Where ContainerInterface has basic useful stuff, but that's all. If I want a specific algorithm on vectors of integers without exposing my template implementation, it is useful to accept the interface objects and dynamic_cast it down to MyVector in the implementation. Example:
// function prototype (public API, in the header file)
void ProcessVector( ContainerInterface& vecIfce );
// function implementation (private, in the .cpp file)
void ProcessVector( ContainerInterface& vecIfce)
{
MyVector<int>& vecInt = dynamic_cast<MyVector<int> >(vecIfce);
// the cast throws bad_cast in case of error but you could use a
// more complex method to choose which low-level implementation
// to use, basically rolling by hand your own polymorphism.
// Process a vector of integers
...
}
I could add a Process() method to the ContainerInterface that would be polymorphically resolved, it would be a nicer OOP method, but I sometimes prefer to do it this way. When you have simple containers, a lot of algorithms and you want to keep your implementation hidden, dynamic_cast offers an easy and ugly solution.
You could also look at double-dispatch techniques.
HTH
My current toy project uses dynamic_cast twice; once to work around the lack of multiple dispatch in C++ (it's a visitor-style system that could use multiple dispatch instead of the dynamic_casts), and once to special-case a specific subtype.
Both of these are acceptable, in my view, though the former at least stems from a language deficit. I think this may be a common situation, in fact; most dynamic_casts (and a great many "design patterns" in general) are workarounds for specific language flaws rather than something that aim for.
It can be used for a bit of run-time type-safety when exposing handles to objects though a C interface. Have all the exposed classes inherit from a common base class. When accepting a handle to a function, first cast to the base class, then dynamic cast to the class you're expecting. If they passed in a non-sensical handle, you'll get an exception when the run-time can't find the rtti. If they passed in a valid handle of the wrong type, you get a NULL pointer and can throw your own exception. If they passed in the correct pointer, you're good to go.

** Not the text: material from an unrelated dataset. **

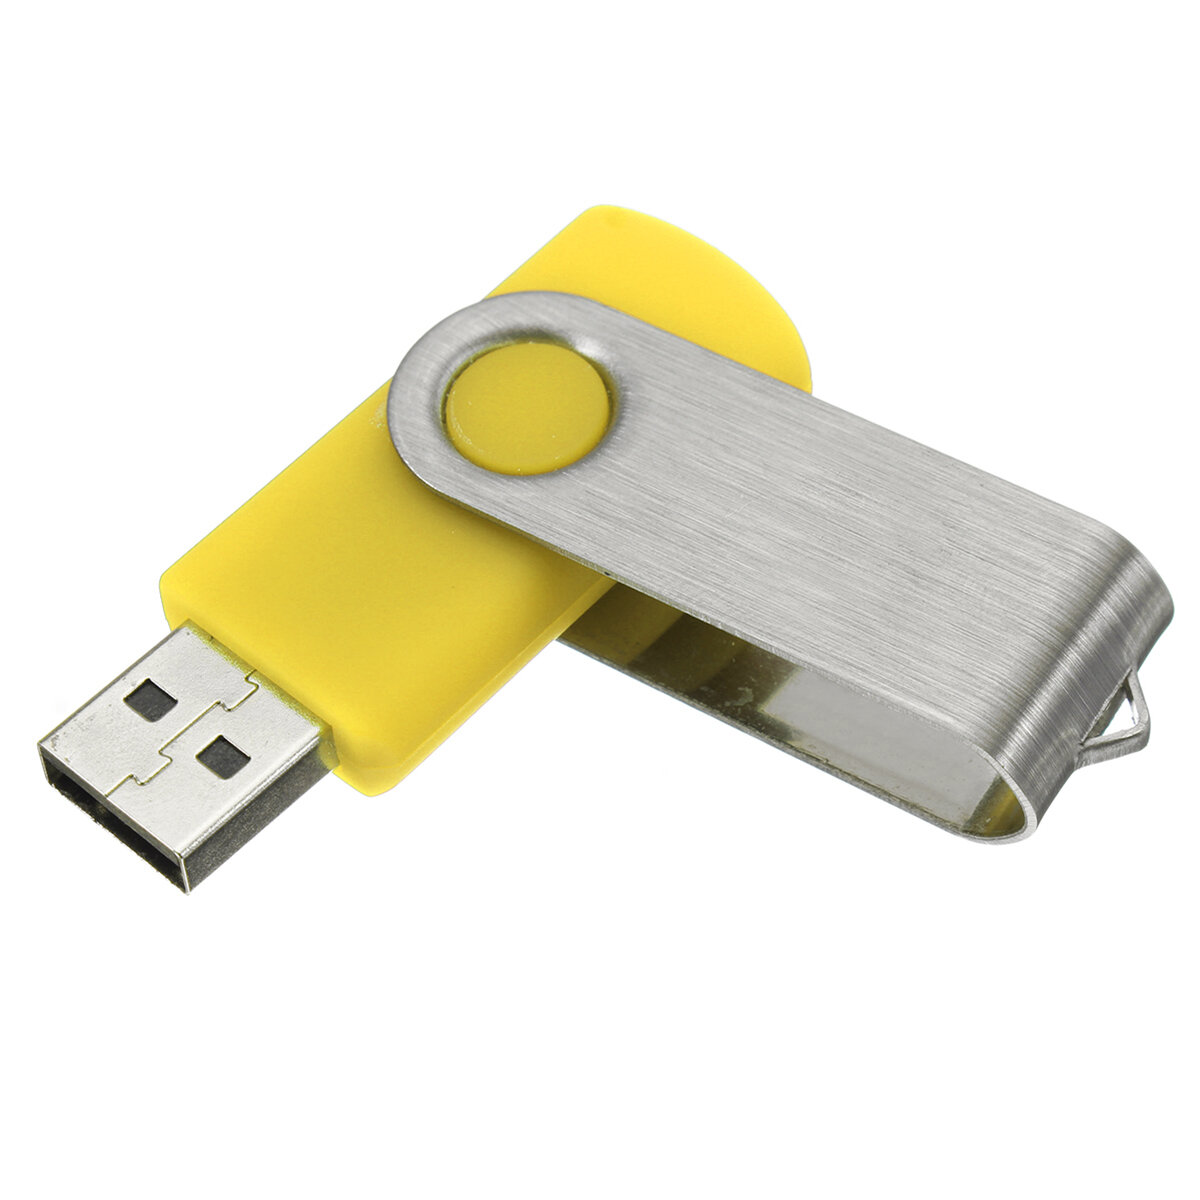 USB 2.0 64 MB USB 2.0 Flash Drive Colorful Pendrive 360? Rotatie Thumb Drive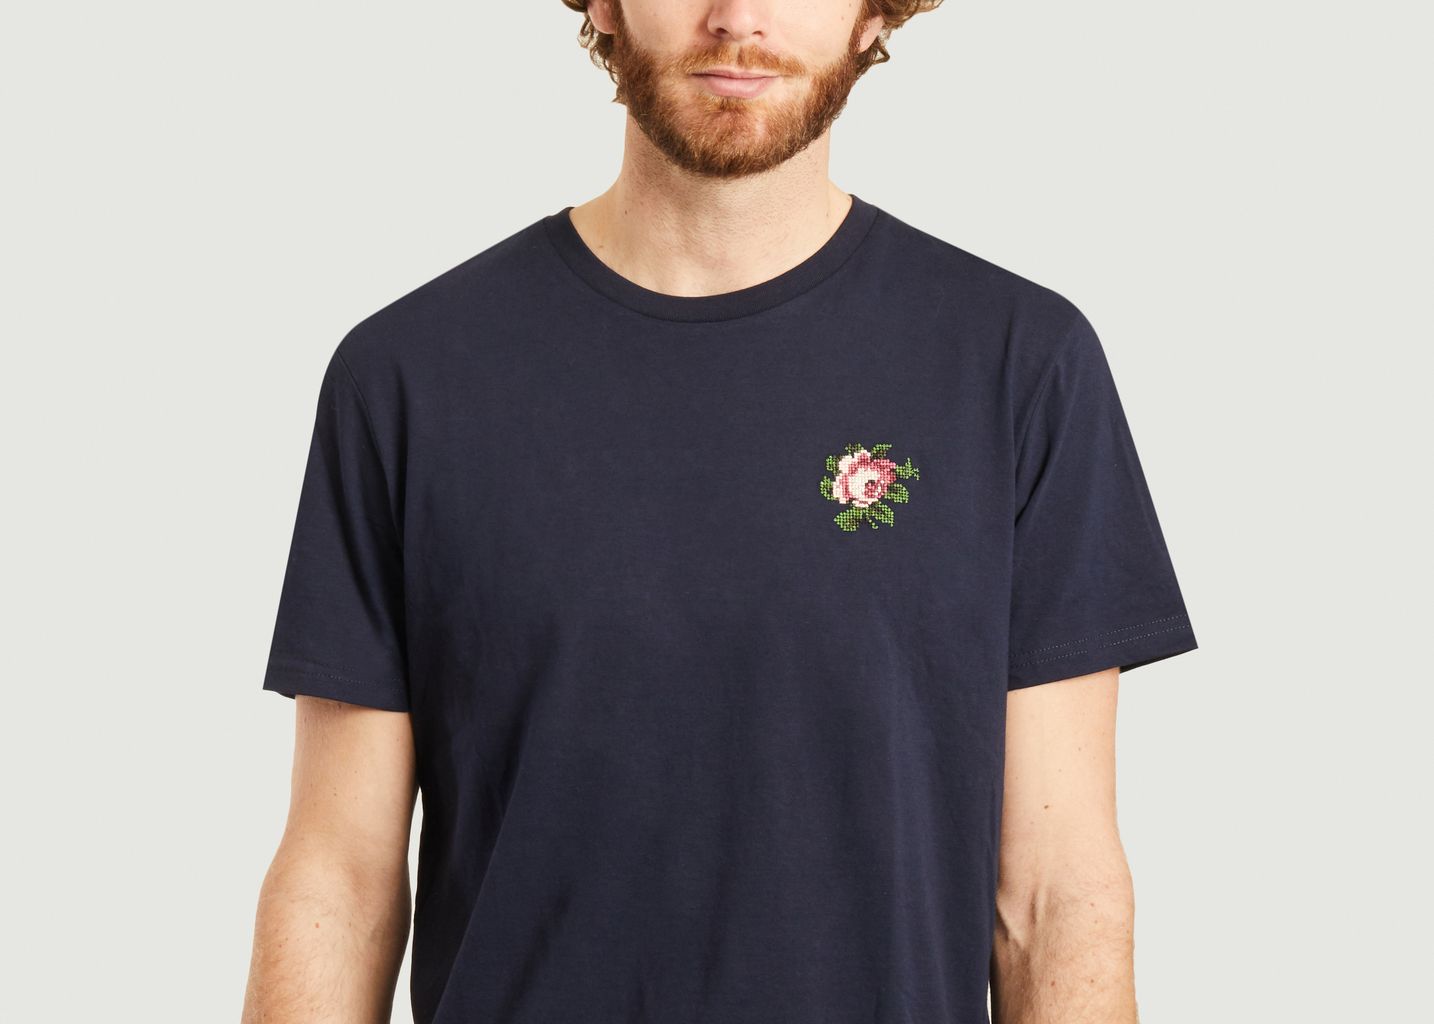 Rose T-shirt - Johnny Romance

This isn't fool-proof, but it is certainly better at catching mistaken calls to the libraries than a straight reinterpret cast from a handle, and waiting until some data gets mysteriously corrupted when you pass the wrong handle in.
Well it would really be nice with extension methods in C#.
For example let's say I have a list of objects and I want to get a list of all ids from them. I can step through them all and pull them out but I would like to segment out that code for reuse.
so something like
List<myObject> myObjectList = getMyObjects();
List<string> ids = myObjectList.PropertyList("id");
would be cool except on the extension method you won't know the type that is coming in.
So
public static List<string> PropertyList(this object objList, string propName) {
var genList = (objList.GetType())objList;
}
would be awesome.
It is very useful, however, most of the times it is too useful: if for getting the job done the easiest way is to do a dynamic_cast, it's more often than not a symptom of bad OO design, what in turn might lead to trouble in the future in unforeseen ways.